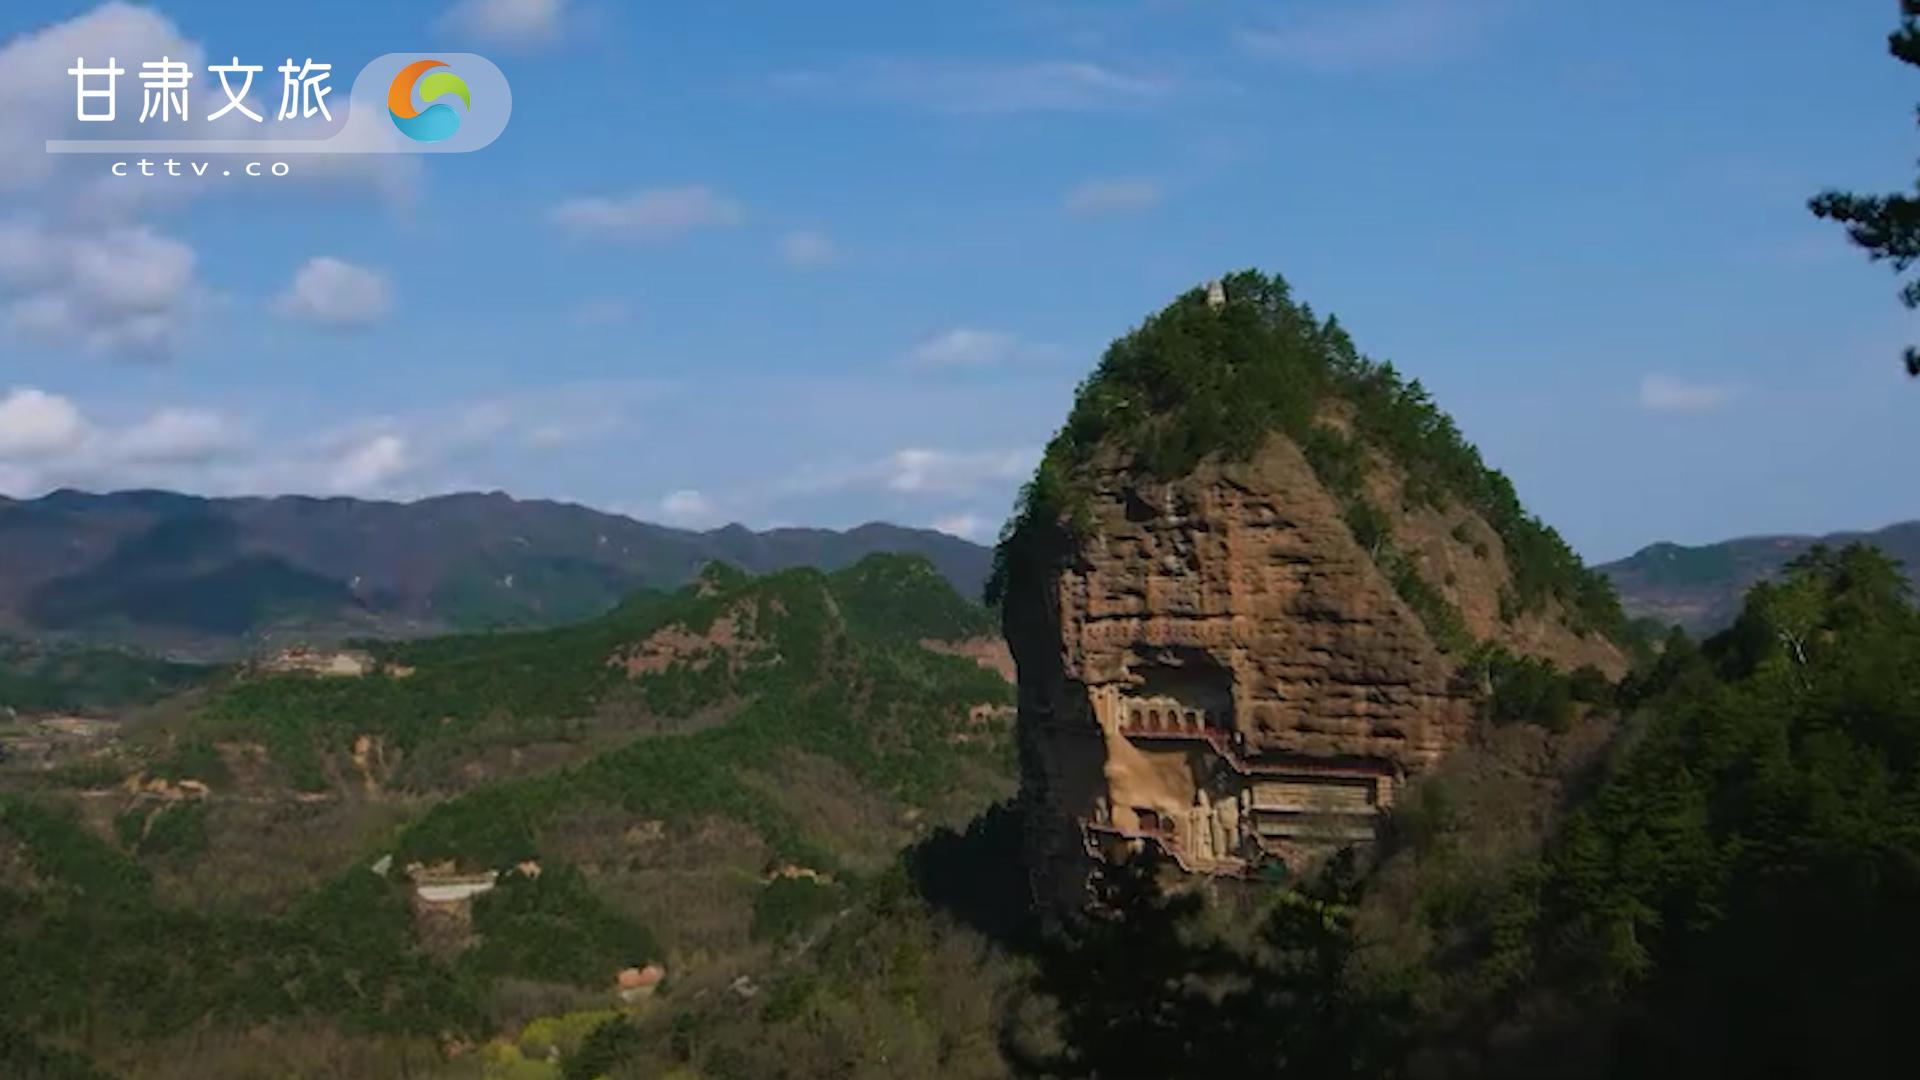 天水麦积山石窟——东方雕塑艺术陈列馆
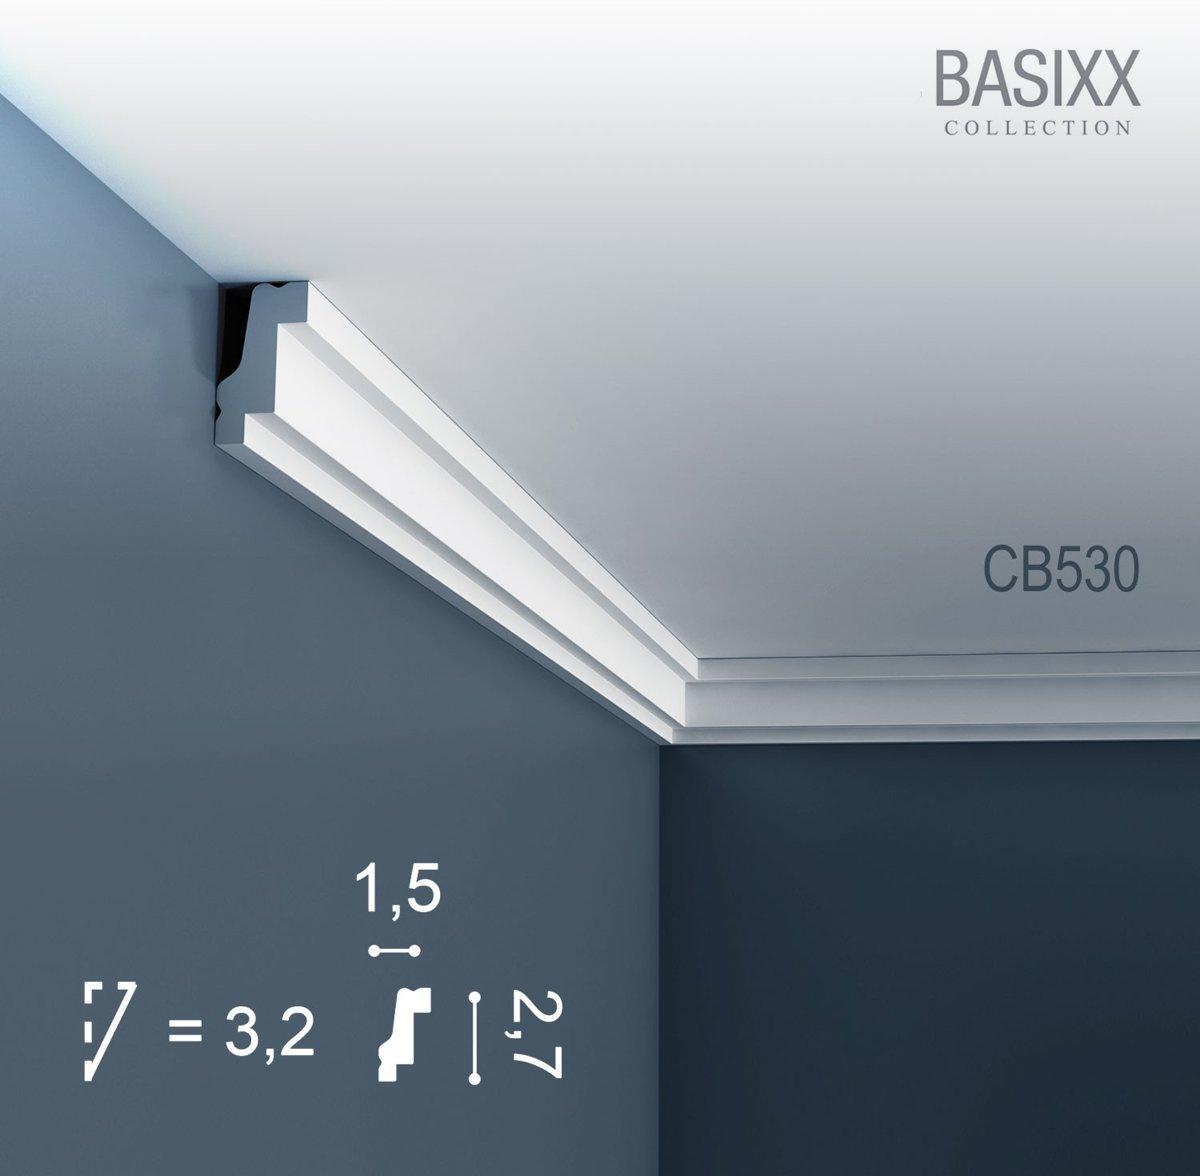 Kroonlijst Origineel Orac Decor CB530 BASIXX Plafondlijst Sierlijst 2 m kopen
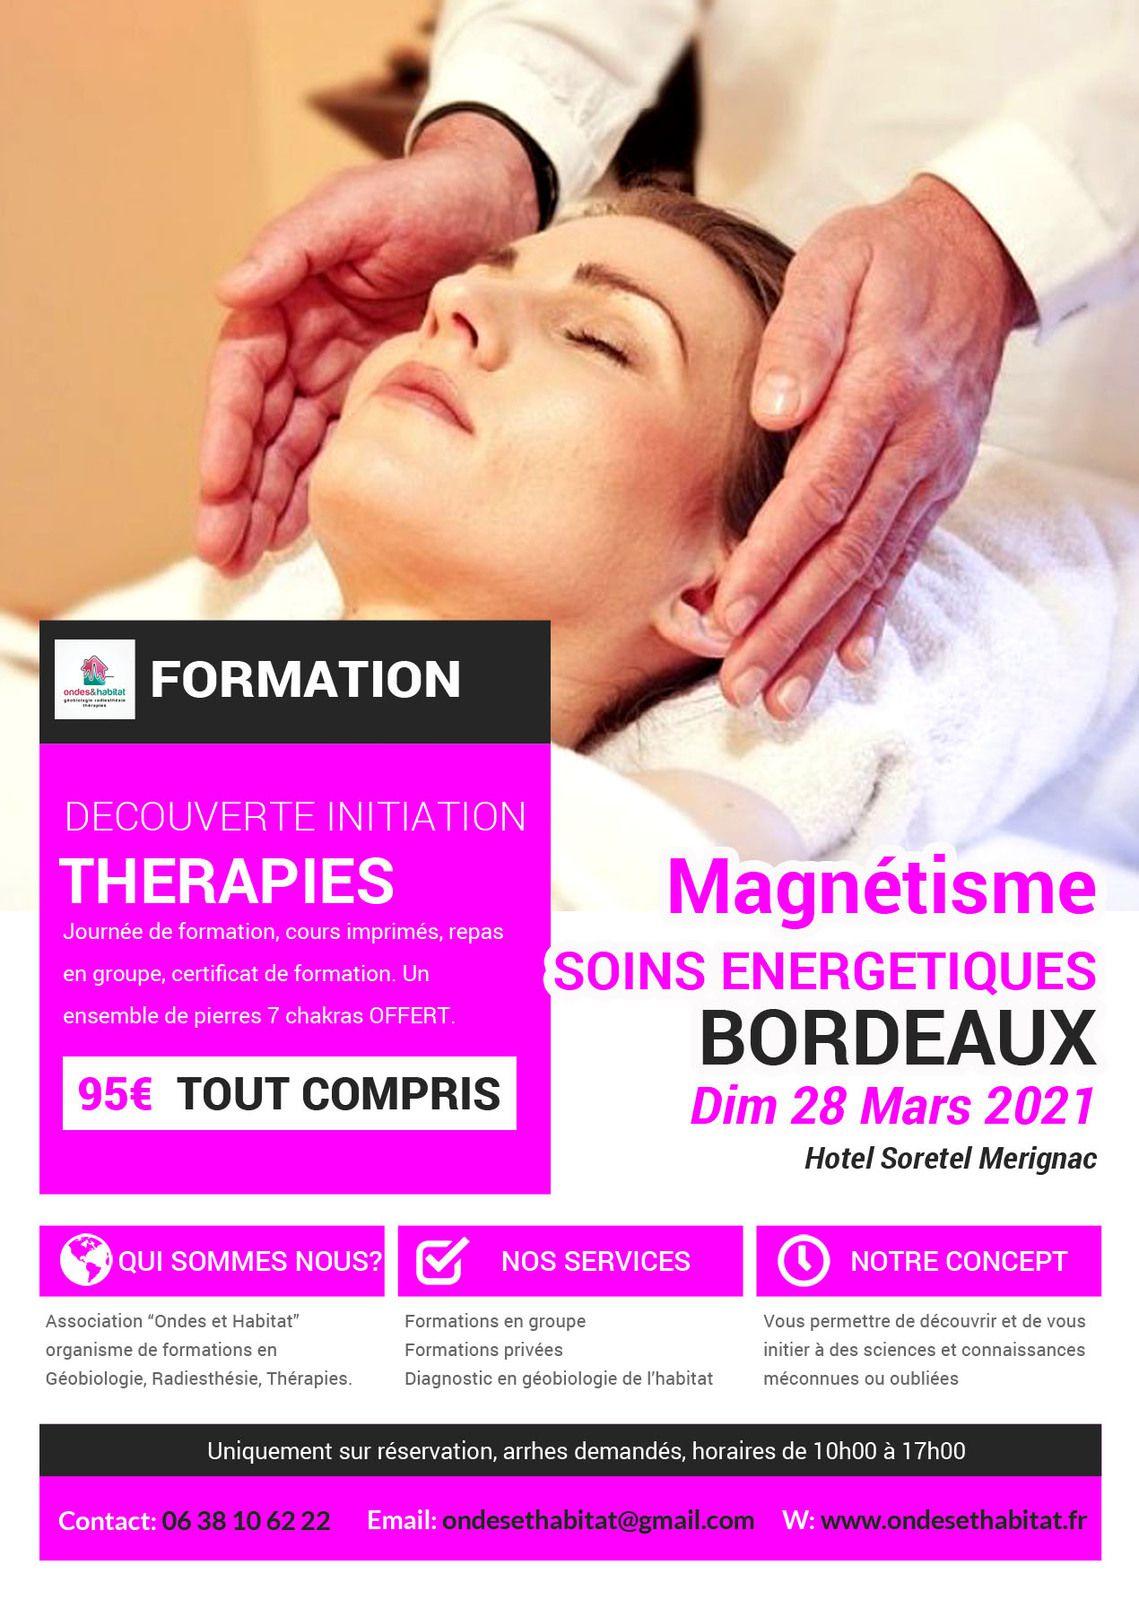 """BORDEAUX - Formation : """"Magnétisme et soins énergétiques"""" Découverte initiation 28 mars 2021"""
• • • • • • •
**Action item**
Reproduce, exactly and with no pictures, the lines from the line containing "Kroonlijst Origineel Orac" through the closing line of the data above, keeping both ends.

**Reply**
 Kroonlijst Origineel Orac Decor CB530 BASIXX Plafondlijst Sierlijst 2 m kopen
 """BORDEAUX - Formation : """"Magnétisme et soins énergétiques"""" Découverte initiation 28 mars 2021"""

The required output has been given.